EDIT: Optimized the function a little bit.. see edit history.

One inefficiency of LSB radix sorting like above is that the array is completely shuffled in RAM a number of times, which means the CPU cache isn't used very well. To try to mitigate this effect, one could opt to first do a pass with MSB radix sort, to put items in roughly the right block of RAM, before sorting every resulting group with a LSB radix sort. Here's one implementation:

def scipysparse_radix_hybrid(a, bbits=8, gbits=8):
    """
    Parameters
    ----------
    a : Array of non-negative integers to be sorted.
    bbits : Number of bits in radix for LSB sorting.
    gbits : Number of bits in radix for MSB grouping.
    """
    a = a.copy()
    bitlen = int(a.max()).bit_length()
    work = np.empty_like(a)

    # Group values by single iteration of MSB radix sort:
    # Casting to np.int_ to get rid of python BigInt
    ngroups = np.int_(2**gbits)
    group_offset = np.empty(ngroups + 1, int)
    shift = max(bitlen-gbits, 0)
    a, work = radix_step(ngroups, a>>shift, group_offset, a, work)
    bitlen = shift
    if not bitlen:
        return a

    # LSB radix sort each group:
    agroups = np.split(a, group_offset[1:-1])
    # Mask off high bits to not undo the grouping..
    gmask = (1 << shift) - 1
    nbatch = (bitlen-1) // bbits + 1
    radix = np.int_(2**bbits)
    _ = np.empty(radix + 1, int)
    for agi in agroups:
        if not agi.size:
            continue
        mask = (radix - 1) & gmask
        wgi = work[:agi.size]
        for shift in range(0, nbatch*bbits, bbits):
            keys = (agi & mask) >> shift
            agi, wgi = radix_step(radix, keys, _, agi, wgi)
            mask = (mask << bbits) & gmask
        if nbatch % 2:
            # Copy result back in to `a`
            wgi[...] = agi
    return a

Timings (with best performing settings for each on my system):

def numba_radix(a, batch_m_bits=8):
    a = a.copy()
    bit_len = int(a.max()).bit_length()
    nbatches = (bit_len-1)//batch_m_bits +1
    work = np.zeros_like(a)
    bitsums = np.zeros(2**batch_m_bits + 1, int)
    srtd = radix_loop(nbatches, batch_m_bits, bitsums, a, work)
    return srtd

a = np.random.randint(0, 1e8, 1e6)
%timeit numba_radix(a, 9)
# 10 loops, best of 3: 76.1 ms per loop
%timeit np.sort(a)
#10 loops, best of 3: 115 ms per loop
%timeit scipysparse_radix_perbyte(a)
#10 loops, best of 3: 95.2 ms per loop
%timeit scipysparse_radix_hybrid(a, 11, 6)
#10 loops, best of 3: 75.4 ms per loop

Numba performs very well, as expected. And also with some clever application of existing C-extensions it's possible to beat numpy.sort. IMO at the level of optimization you've already gotten it's worth-it to also consider add-ons to Numpy, but I wouldn't really consider the implementations in my answer "vectorized": The bulk of the work is done in a external dedicated function.

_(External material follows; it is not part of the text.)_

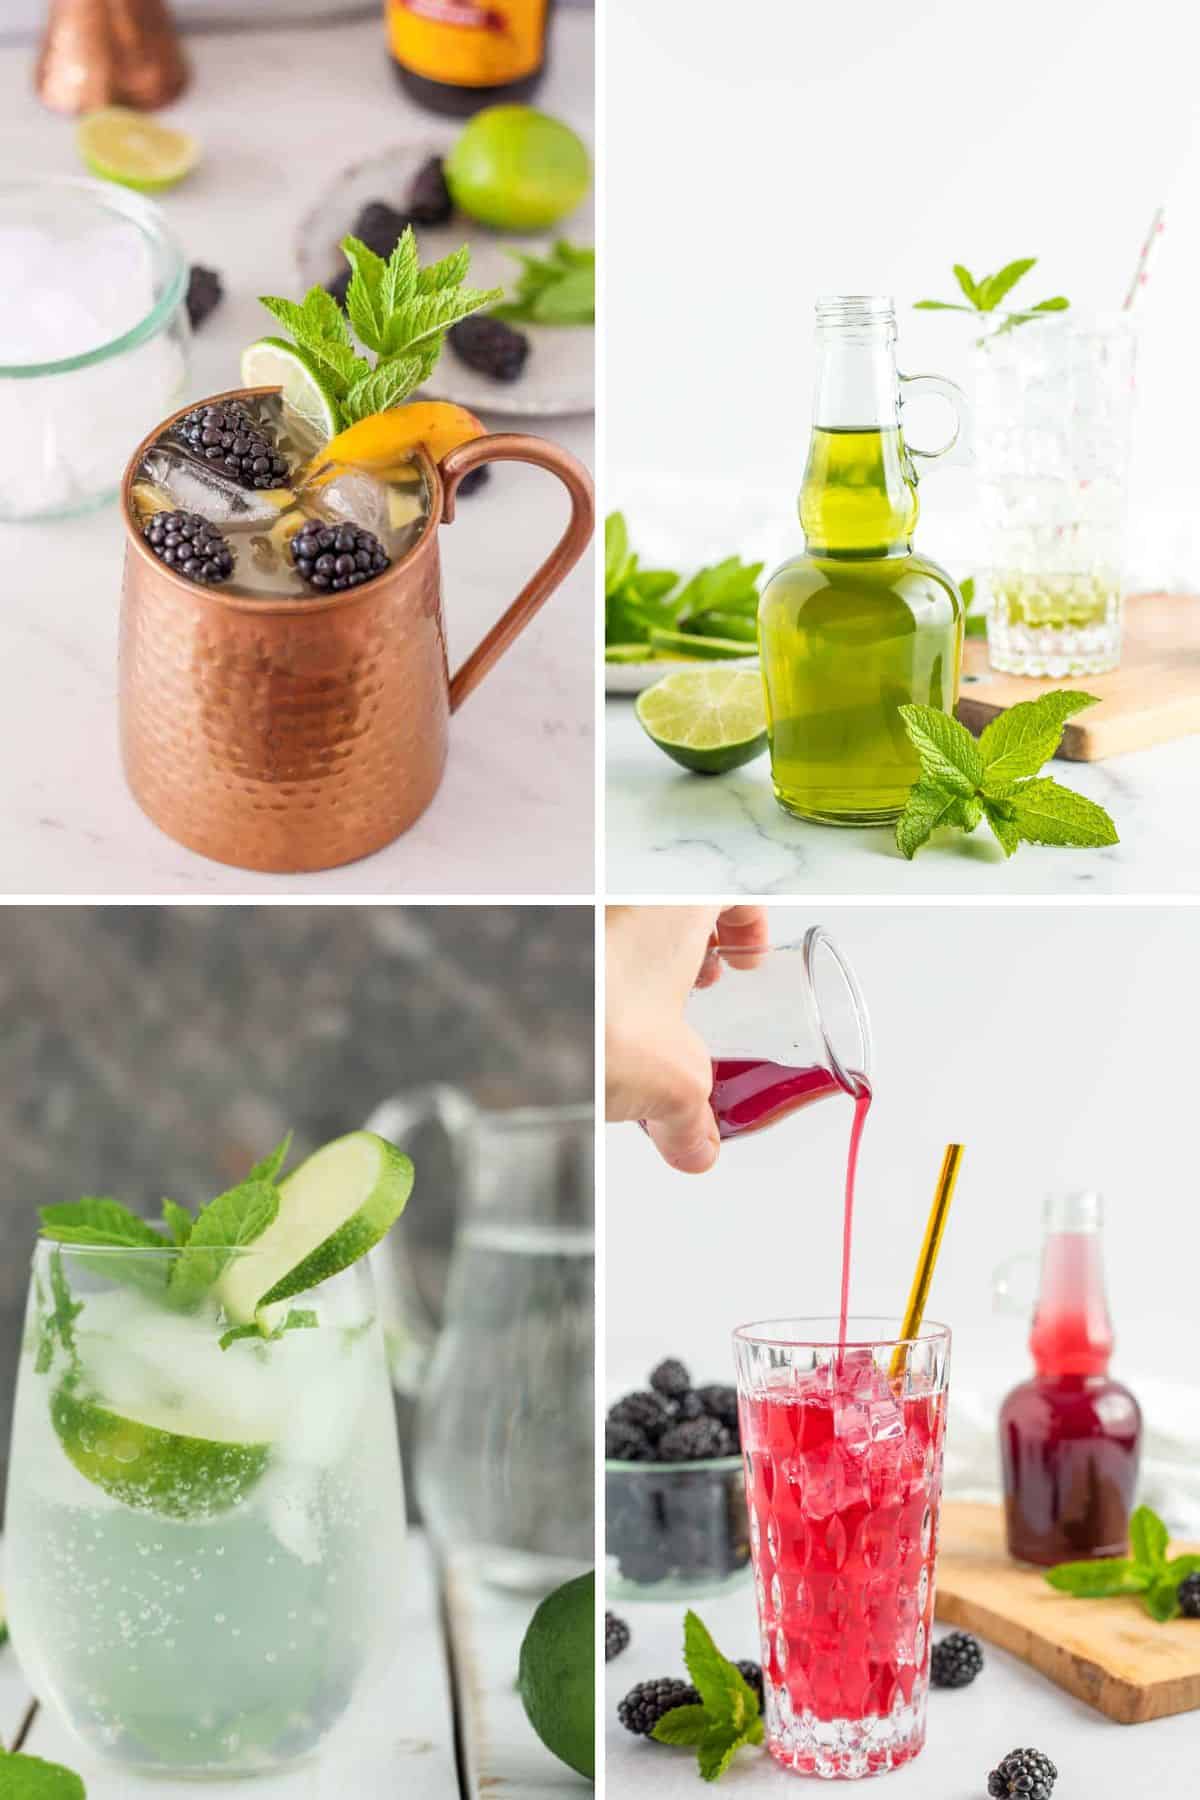 4 photos of mocktail and syrups.

One other thing that strikes me is the sensitivity to the choice of radix. For most of the settings I tried my implementations were still slower than numpy.sort, so in practice some sort of heuristic would be required to offer good performance across the board.

0
votes

Can you change this to be a counting / radix sort that works 8 bits at a time? For 32 bit unsigned integers, create a matrix[4][257] of counts of occurrence of byte fields, making one read pass over the array to be sorted. matrix[][0] = 0, matrix[][1] = # of occurences of 0, ... . Then convert the counts into indexes, where matrix[][0] = 0, matrix[][1] = # of bytes == 0, matrix[][2] = # of bytes == 0 + # of bytes == 1, ... . The last count is not used, since that would index the end of the array. Then do 4 passes of radix sort, moving data back and forth between the original array and the output array. Working 16 bits at time would need a matrix[2][65537], but only take 2 passes. Example C code:

size_t mIndex[4][257] = {0};            /* index matrix */
size_t i, j, m;
uint32_t u;
uint32_t *pData;                        /* ptr to original array */
uint32_t *pTemp;                        /* ptr to working array */
uint32_t *pSrc;                         /* working ptr */
uint32_t *pDst;                         /* working ptr */
/* n is size of array */
    for(i = 0; i < n; i++){             /* generate histograms */
        u = pData[i];
        for(j = 0; j < 4; j++){
            mIndex[j][1 + (size_t)(u & 0xff)]++; /* note [1 + ... */
            u >>= 8;
        }       
    }
    for(j = 0; j < 4; j++){             /* convert to indices */
        for(i = 1; i < 257; i++){       /* (last count never used) */
            mIndex[j][i] += mIndex[j][i-1]
        }       
    }
    pDst = pTemp;                       /* radix sort */
    pSrc = pData;
    for(j = 0; j < 4; j++){
        for(i = 0; i < count; i++){     /* sort pass */
            u = pSrc[i];
            m = (size_t)(u >> (j<<3)) & 0xff;
        /*  pDst[mIndex[j][m]++] = u;      split into 2 lines */
            pDst[mIndex[j][m]] = u;
            mIndex[j][m]++;
        }
        pTmp = pSrc;                    /* swap ptrs */
        pSrc = pDst;
        pDst = pTmp;
    }